For the autoregressive process we cannot make a general statement. There exists sets of coefficients (e.g., p = 1, |a1| < 1) which define stationary processes and other which define non-stationary processes (e.g., p = 1, a1 = 1 such that we obtain a random walk again). Estimation Strategy Given data X1, . . . , Xn, we would like to estimate μX (t) and γX (s, t) (and later use this fit time series models to our data). As discussed in the ’Example - Estimation of Mean’, we need stationarity so that we can link μX (t) and γX (s, t) meaningful to averages. Definition - Sample Mean Definition 1.16 Given data X1,...,Xn, we call X n = μˆ X = n If we have stationary data, we have the sample mean. ̄1􏰄n 1􏰄n E(Xn)=n E(Xt)=n μX =μX. Sample Mean - Variance If we have stationary data, we have var(X ̄n ) = cov(􏰄Xt,􏰄Xt) = t=1 t=1 􏰄 γX(t1,t2) t1,t2=1 􏰄 γX(h) 􏰄 1{t1−t2=h} t1 ,t2 =1 γX (h)(n − |h|) γX(t1 −t2) 􏰄 (1− )γX(h). |h| n h=−n+1 n Sample Mean - Variance Explanation for 􏰃n γ(t1 − t2) = 􏰃n−1 (n − |h|)γ(h): t1 ,t2 =1 h=−n+1 Let 1 = (1,...,1) be a vector of n ones. Then cov(􏰄Xt,􏰄Xt) = cov(1⊤(X1,...,Xt)⊤,1⊤(X1,...,Xt)⊤) γ(1,1) γ(1,2) ... γ(1,n) ⊤ γ(1,2) γ(2,2) ... γ(2,n) =1. .. .. .1 .... γ(1,n) ... ... γ(n,n)  γ(0) γ(1) ... γ(n−1) ⊤ γ(1) γ(0) ... γ(n−2) =1. .... .1 .... γ(n − 1) . . . . . . γ(0) Sample Mean - Variance - Remark We obtain the variance √ n−1 |h| var(nX ̄n)= 􏰄(1−n)γX(h). For comparison, in the white noise case with variance σε2, we would obtain var(√nX ̄n) = γ(0) = σε2. Depending on the dependence structure, 􏰃n−1 (1 − |h| )γX (h) can be larger or smaller than σε2.3 In any case, we need to take this into account if we construct confidence intervals for the sample mean. Under stationarity, we have that X ̄n is approximately normally distributed with standard deviation 􏰀1 n−1 |h| 􏰁1/2 σX ̄n= 􏰄(1−)γX(h) (1 − |h| )γX (h) since it is not straightforward. n . 3We will discuss later how to estimate 􏰃n−1 h=−n+1 Definition - Sample Autocovariance Function Definition 1.17 Given data X1, . . . , Xn, the sample autocovariance function is defined as γˆX(h)= 􏰄(Xt+h−X ̄n)(Xt−X ̄n), for h = 0, . . . , n − 1 and with γˆX (h) = γˆX (−h). For h > n − 1, we set γˆX (h) = 0.

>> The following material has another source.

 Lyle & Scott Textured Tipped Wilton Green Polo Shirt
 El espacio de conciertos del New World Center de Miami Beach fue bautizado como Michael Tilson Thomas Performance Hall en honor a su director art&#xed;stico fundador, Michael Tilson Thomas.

The sample autocorrelation function is defined as
ρˆ X ( h ) = γˆ X ( h ) .
Note that in sum we have n − h summands but divide but n. If we would divide by n − h, we would the sample ACF would not be non-negative definite, a property the ACF has.

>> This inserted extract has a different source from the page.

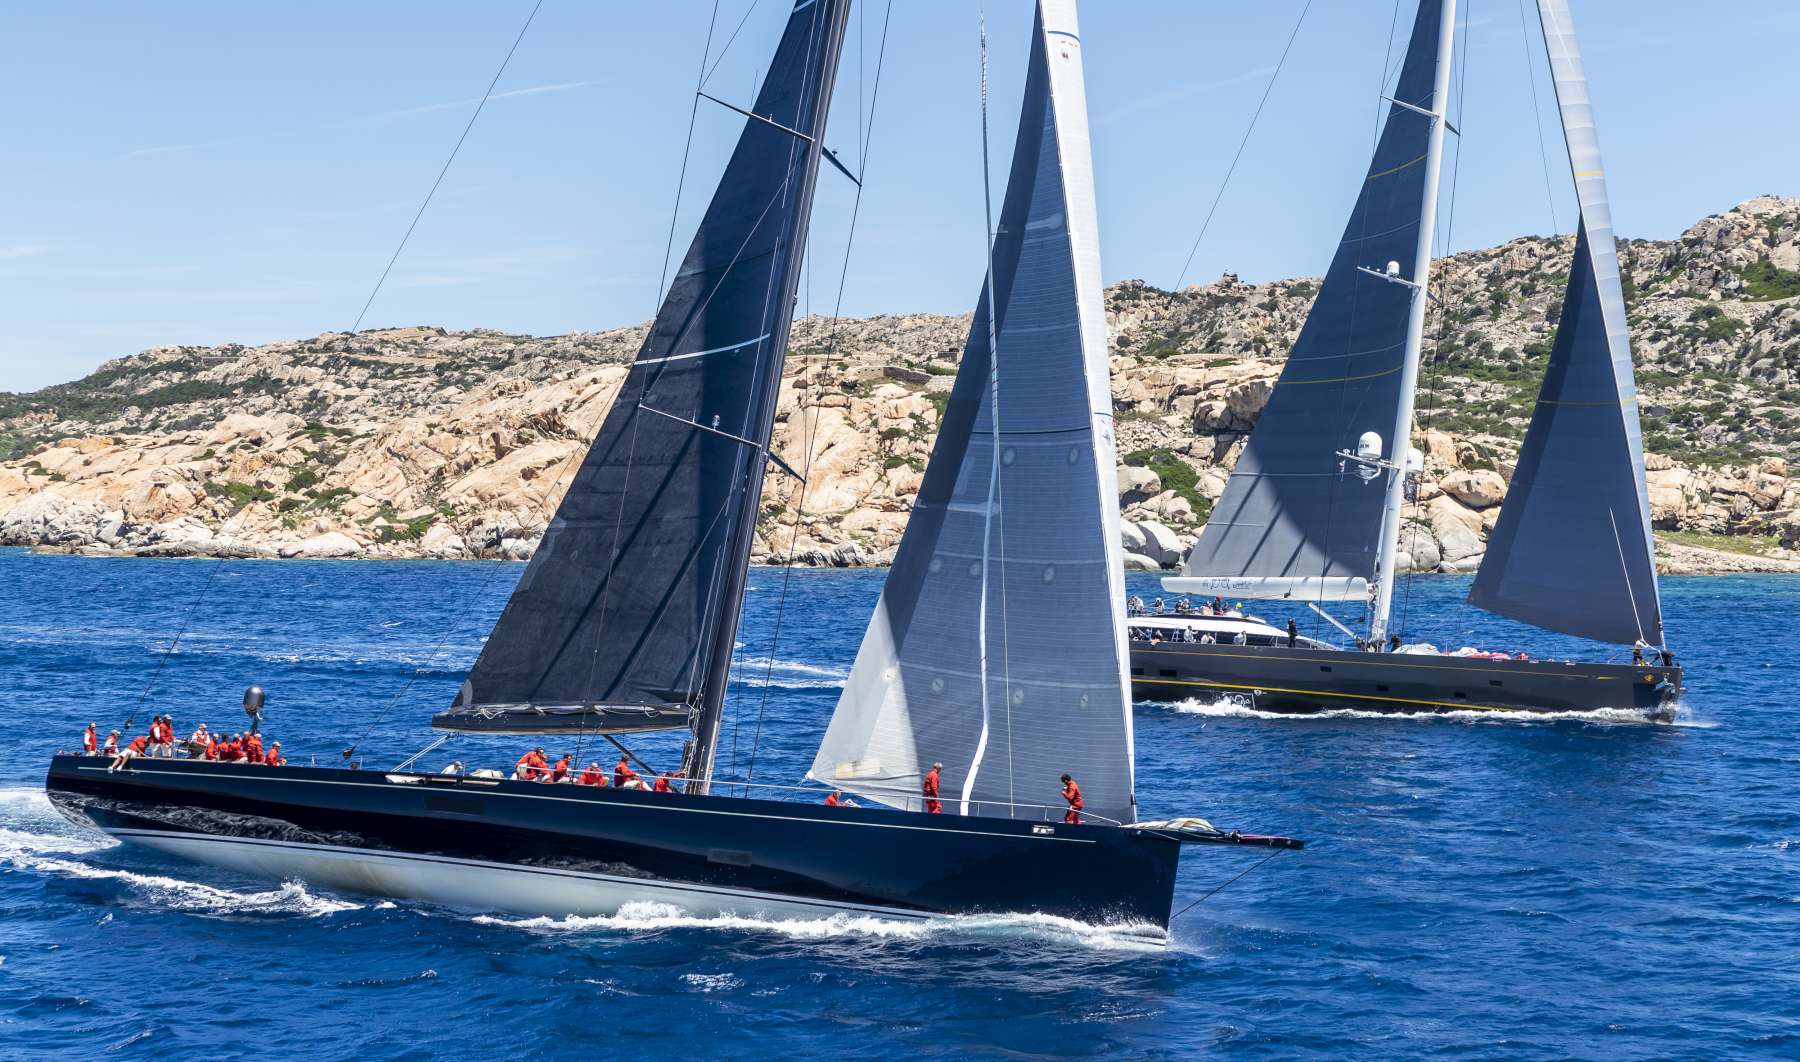 Pubblicato il bando per la Loro Piana Superyacht Regatta 2019 - NEWS - Yacht Club Costa Smeralda
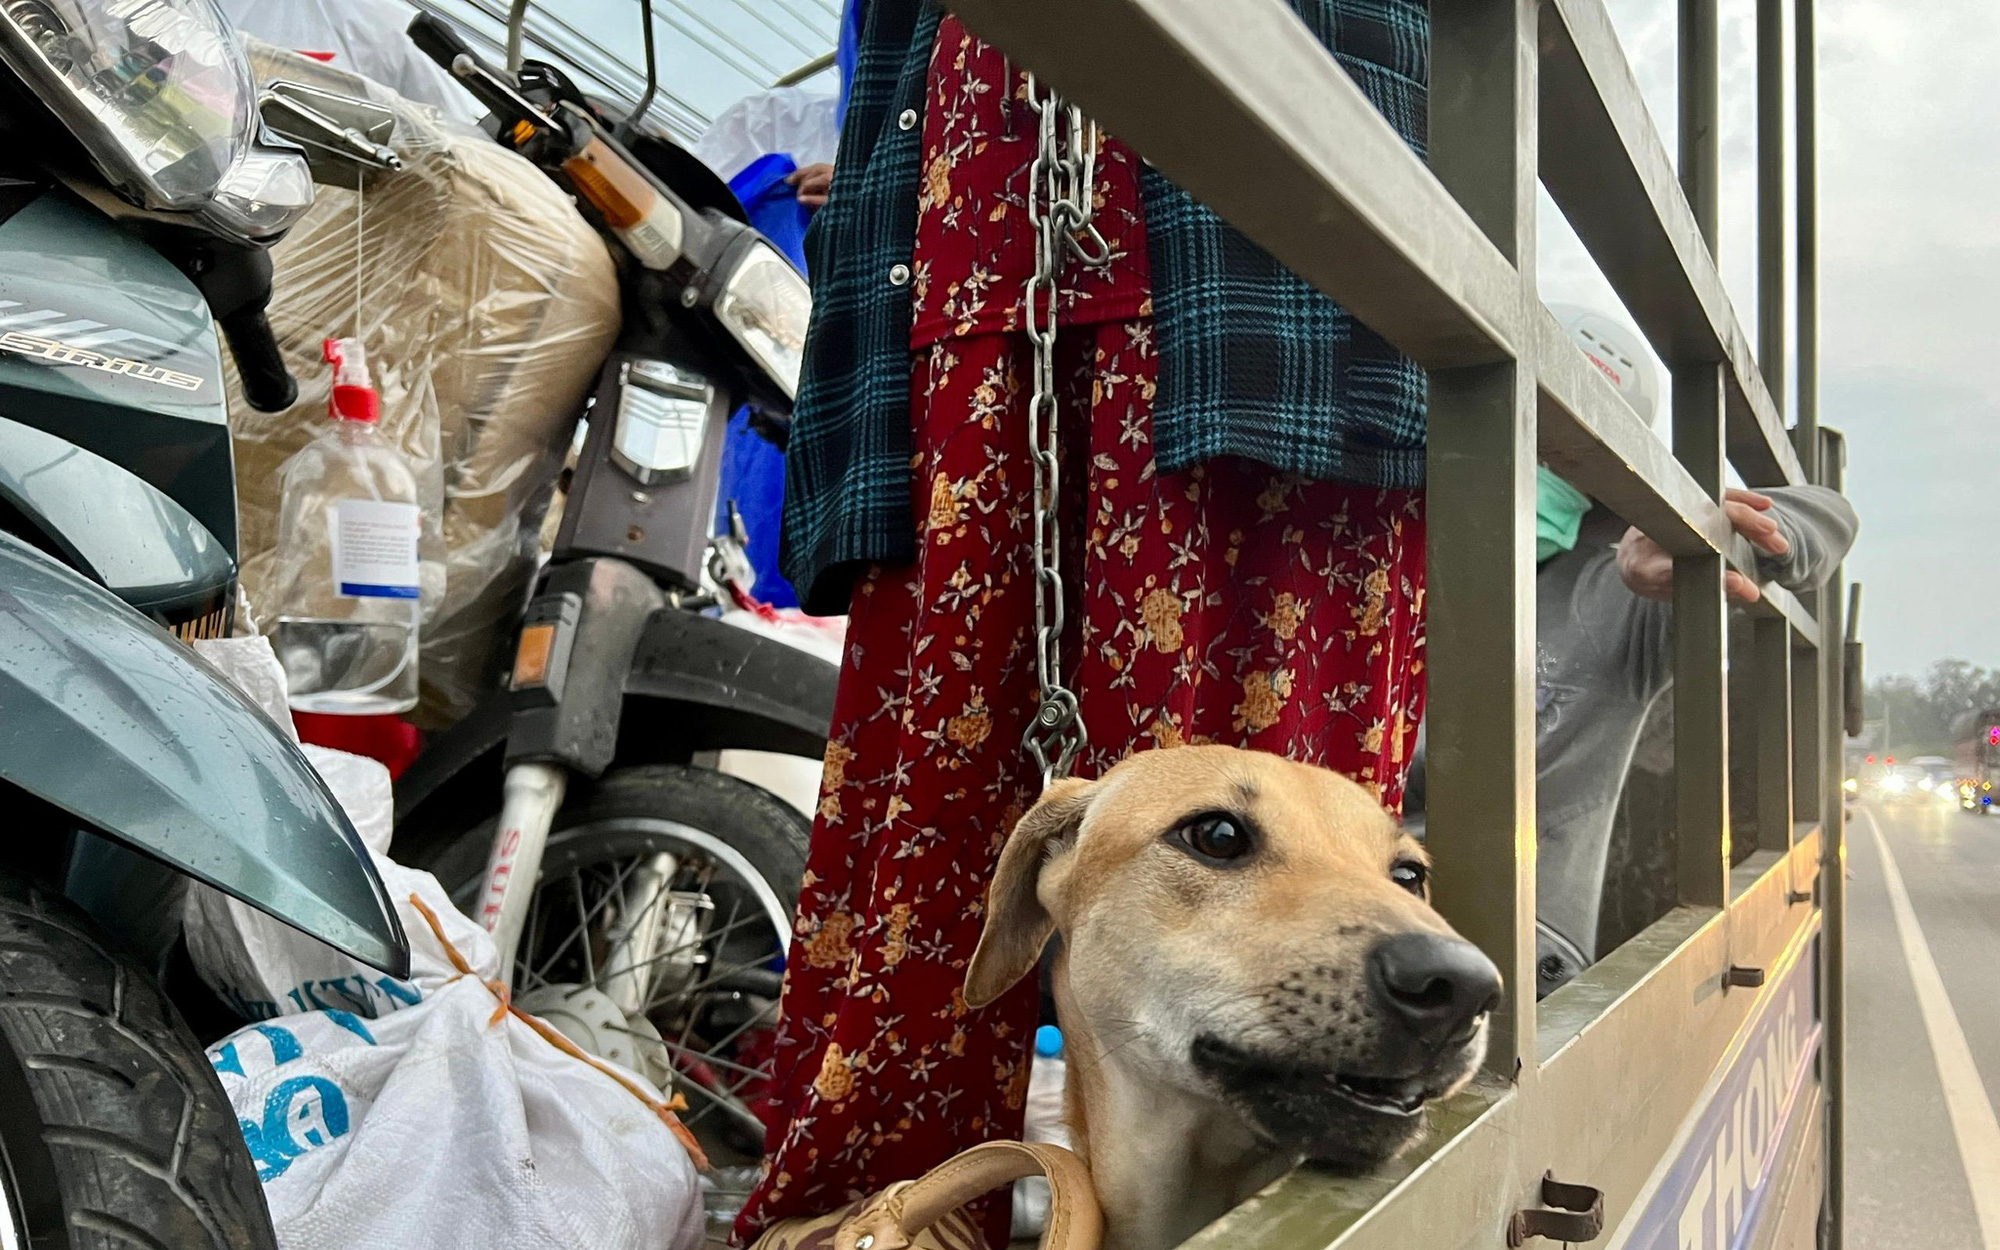 Đoàn tiêu hủy chó: Đoàn tiêu hủy chó đang hoạt động rất tích cực trên khắp các vùng miền, nhằm giúp cho mọi người tiêu diệt được các con chó mang dịch bệnh. Đây chính là một bước quan trọng giúp cho Việt Nam dập được đợt dịch bệnh lần này.

Property – Sample Autocovariance Function
If our data is stationary, we have4
E[γˆX(h)]= n−|h|γX(h)+O(1).
Under stronger conditions, e.g., {Xt} is a linear processes and the white noise
possesses finite fourth moments, we have 5 γˆX(h)=γX(h)+OP(1/ n).

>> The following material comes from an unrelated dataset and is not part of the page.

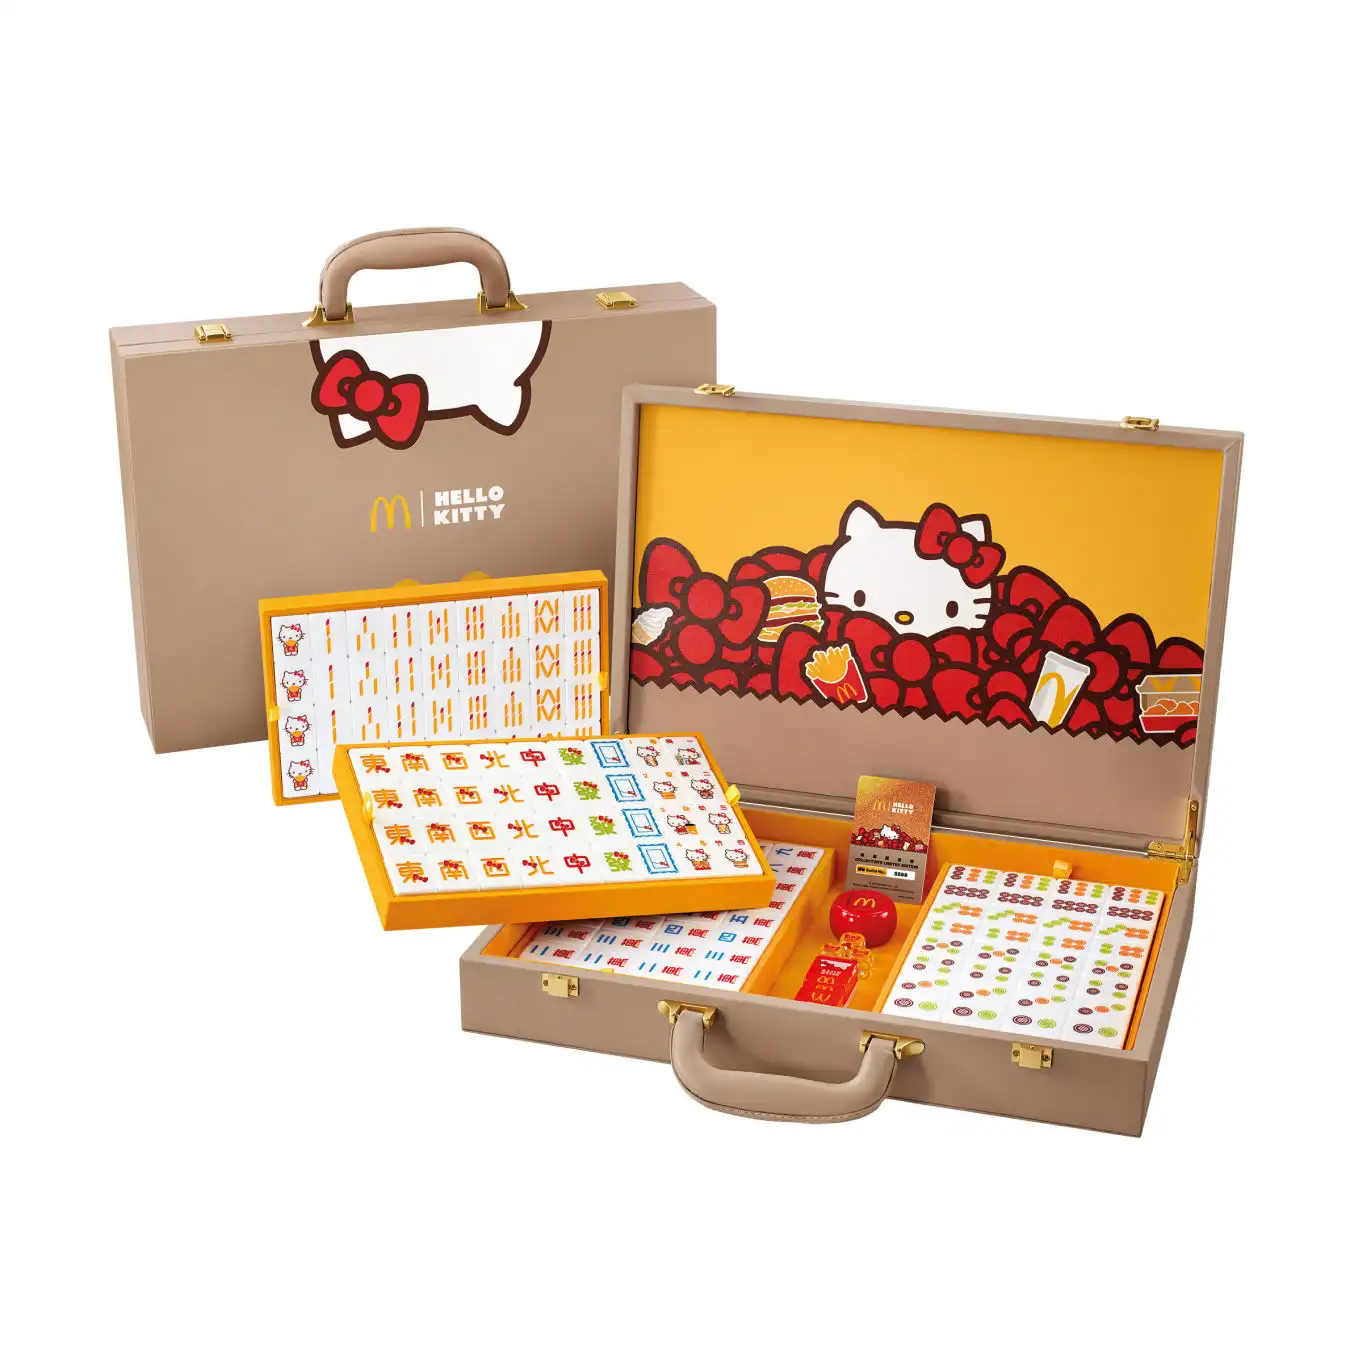 Play and win McDonald's Hello Kitty mahjong tile set

If {Xt} is an iid noise with finite fourth moments, the sample autocorrelation function ρˆX (h), for h = 1, . . . , H and any fixed H , is approximately normally distributed with zero mean and standard deviation given by
1 σ ρˆ X ( h ) = √ n .
4If we write for some (non-random) series {xn} xn = O(g(n)), it means that there exists some constant C > 0 such that x ≤ Cg(n) for any n, i.e., xn/g(n) is bounded.
5If we write for some random series {Xn} Xn = OP(g(n)), it means that there for any ε > 0 we find some constant M > 0 such that for any n P(Xn ≤ Mg(n)) ≥ 1 − ε, i.e. Xn/g(n) is bounded in probability.

Definition – Sample Cross-Covariance Function
Definition 1.18
GivendataX1,…,Xn andY1,…,Yn,thesamplecross-covariancefunctionisdefined
γˆXY(h)= 􏰄(Xt+h−X ̄n)(yt−y ̄n),
for h = 0, . . . , n − 1 and with γˆXY (h) = γˆYX (−h). For h > n − 1, we set γˆXY (h) = 0.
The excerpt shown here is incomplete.